Introduction to Indian Cyber Law

Indian Cyber Law is a legal framework in India that governs activities in cyberspace,
including the internet, digital communication, and electronic commerce. With the rapid
advancement in technology and the increasing reliance on digital platforms for
communication, business, and information exchange, the need for a robust cyber law
framework has become essential.

Key Legislation: The Information Technology Act, 2000

The cornerstone of Indian Cyber Law is the Information Technology Act, 2000 (IT Act).
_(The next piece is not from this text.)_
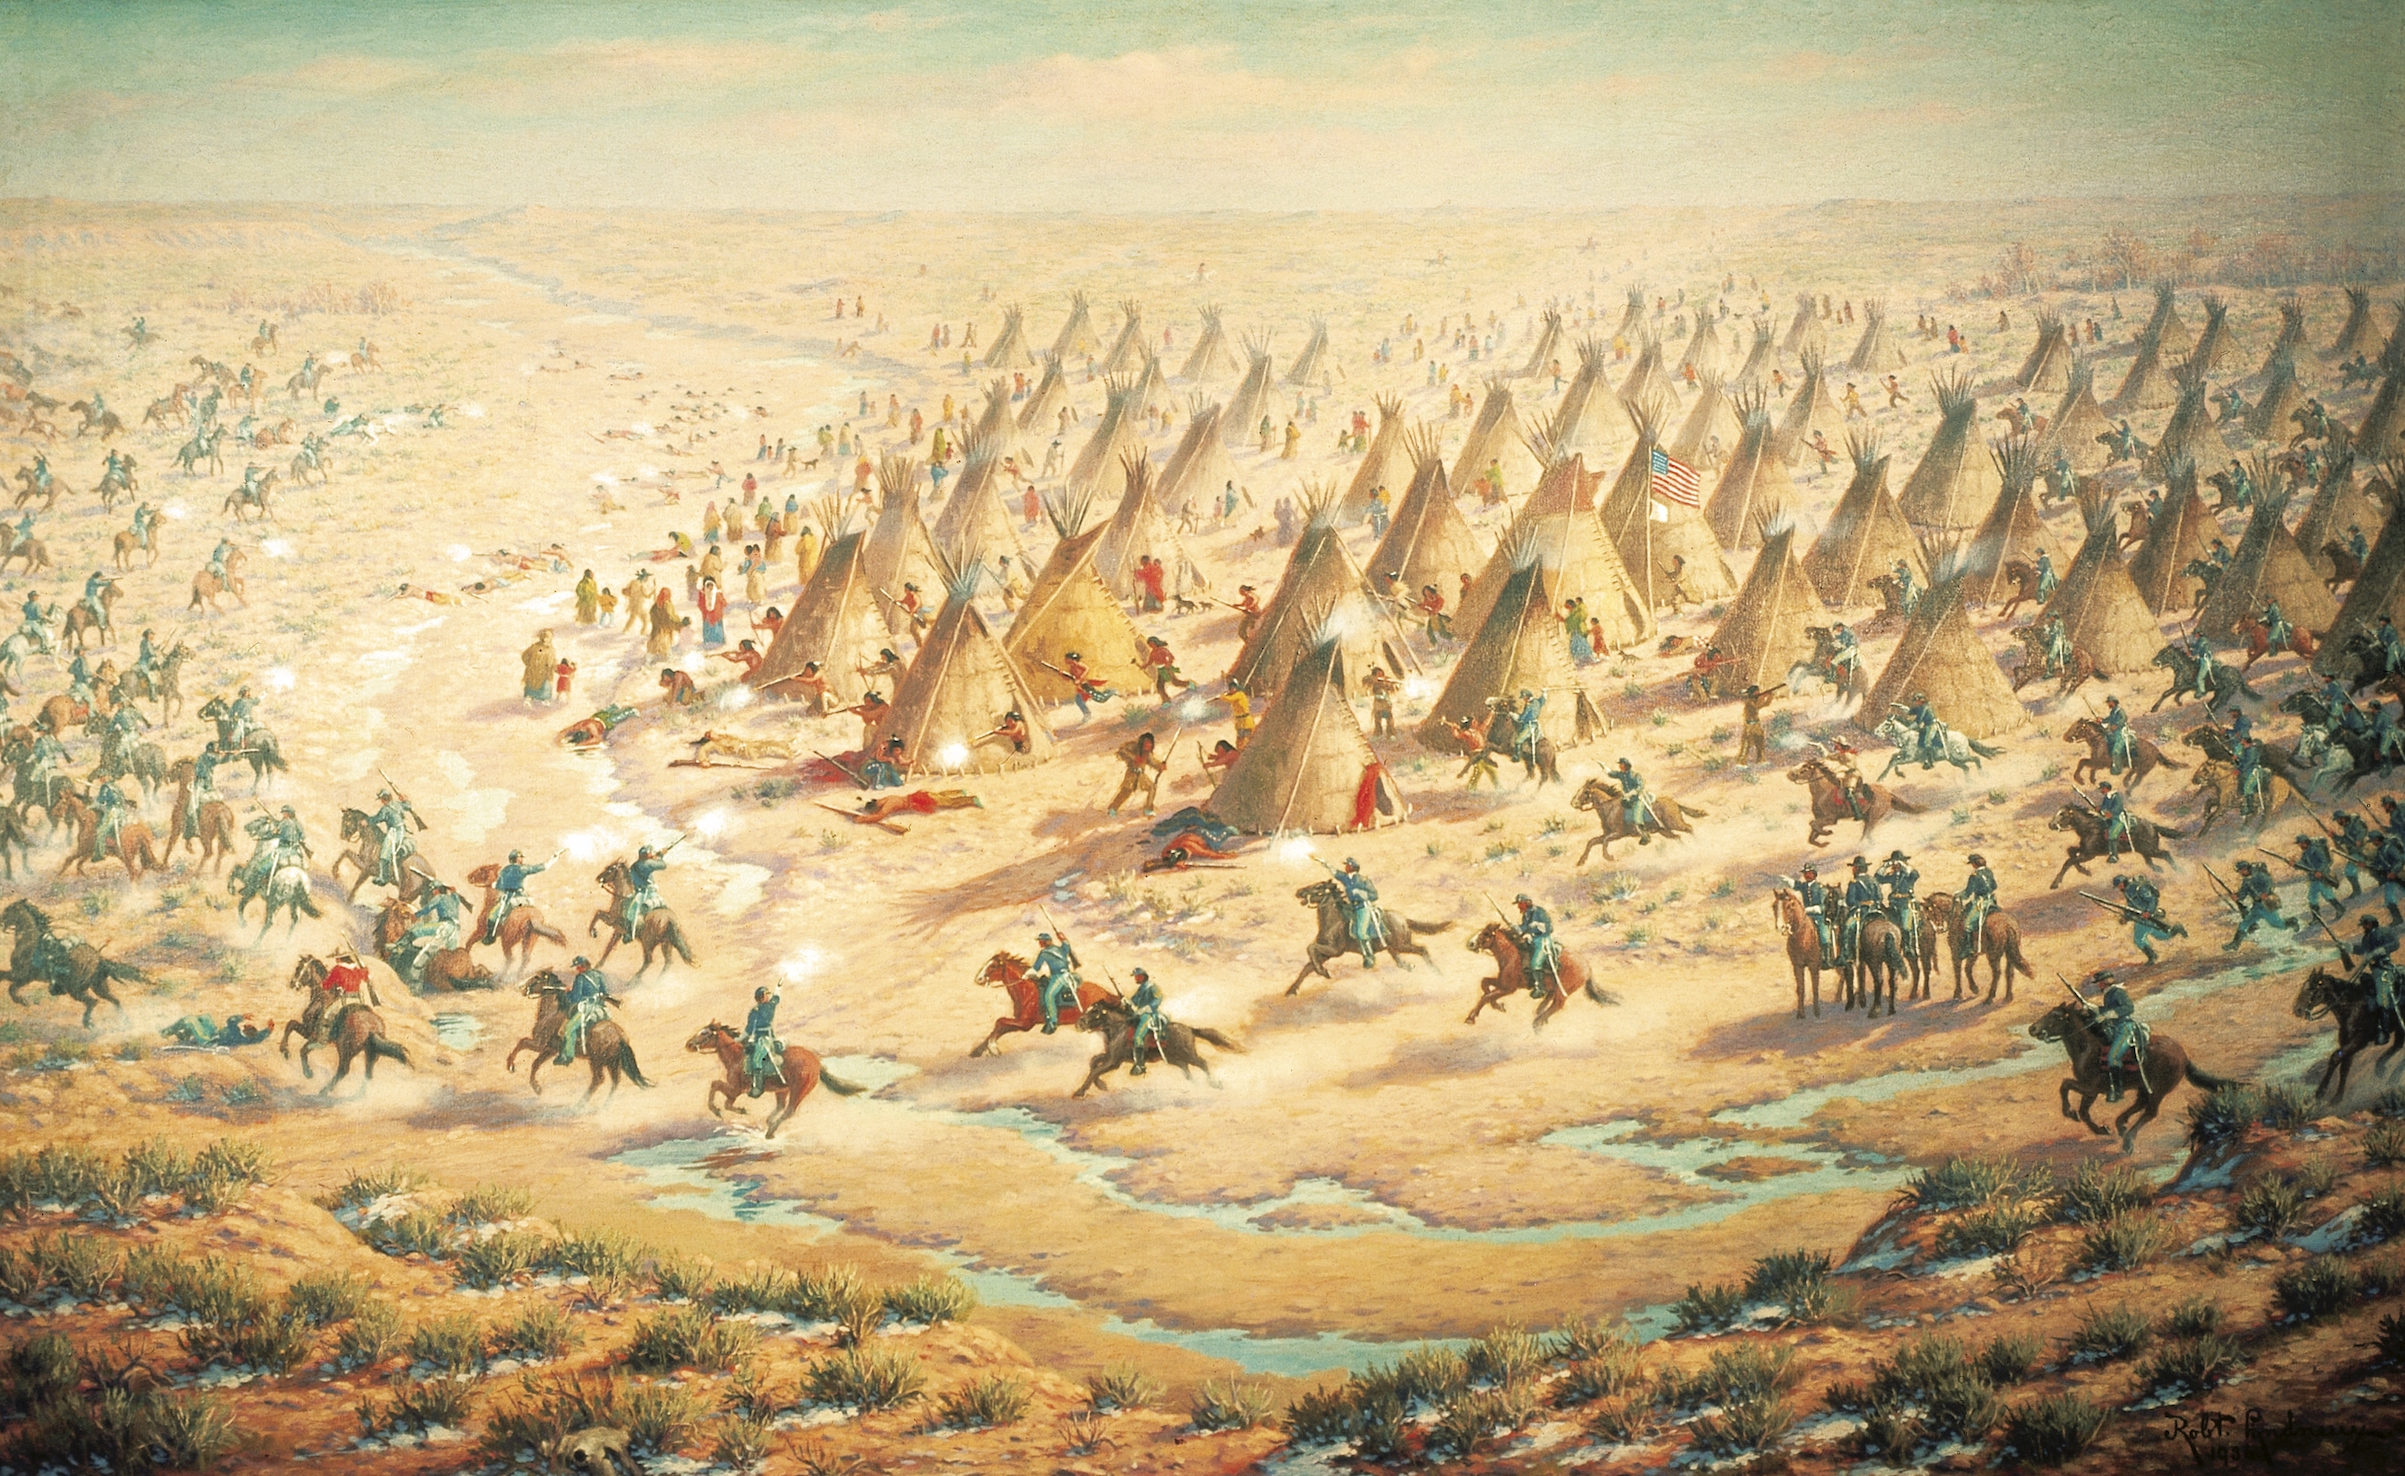 Sand Creek Massacre, Nov. 29, 1864, by Robert Lindneux. (De Agostini via Getty Images)

This
Act was enacted to provide legal recognition for transactions carried out by means of
electronic data interchange and other means of electronic communication, commonly referred
to as electronic commerce. The IT Act aims to facilitate electronic governance by providing
legal recognition to electronic records and digital signatures.

Objectives of the IT Act, 2000:

1. Legal Recognition of Electronic Transactions: Ensuring that electronic contracts

are legally enforceable.
2. Regulation of Digital Signatures: Providing a legal framework for the authentication
of electronic records through digital signatures.
3. Cybercrime Prevention: Defining various cybercrimes and prescribing penalties for
them.
4. Data Protection: Establishing provisions for the protection of sensitive personal data.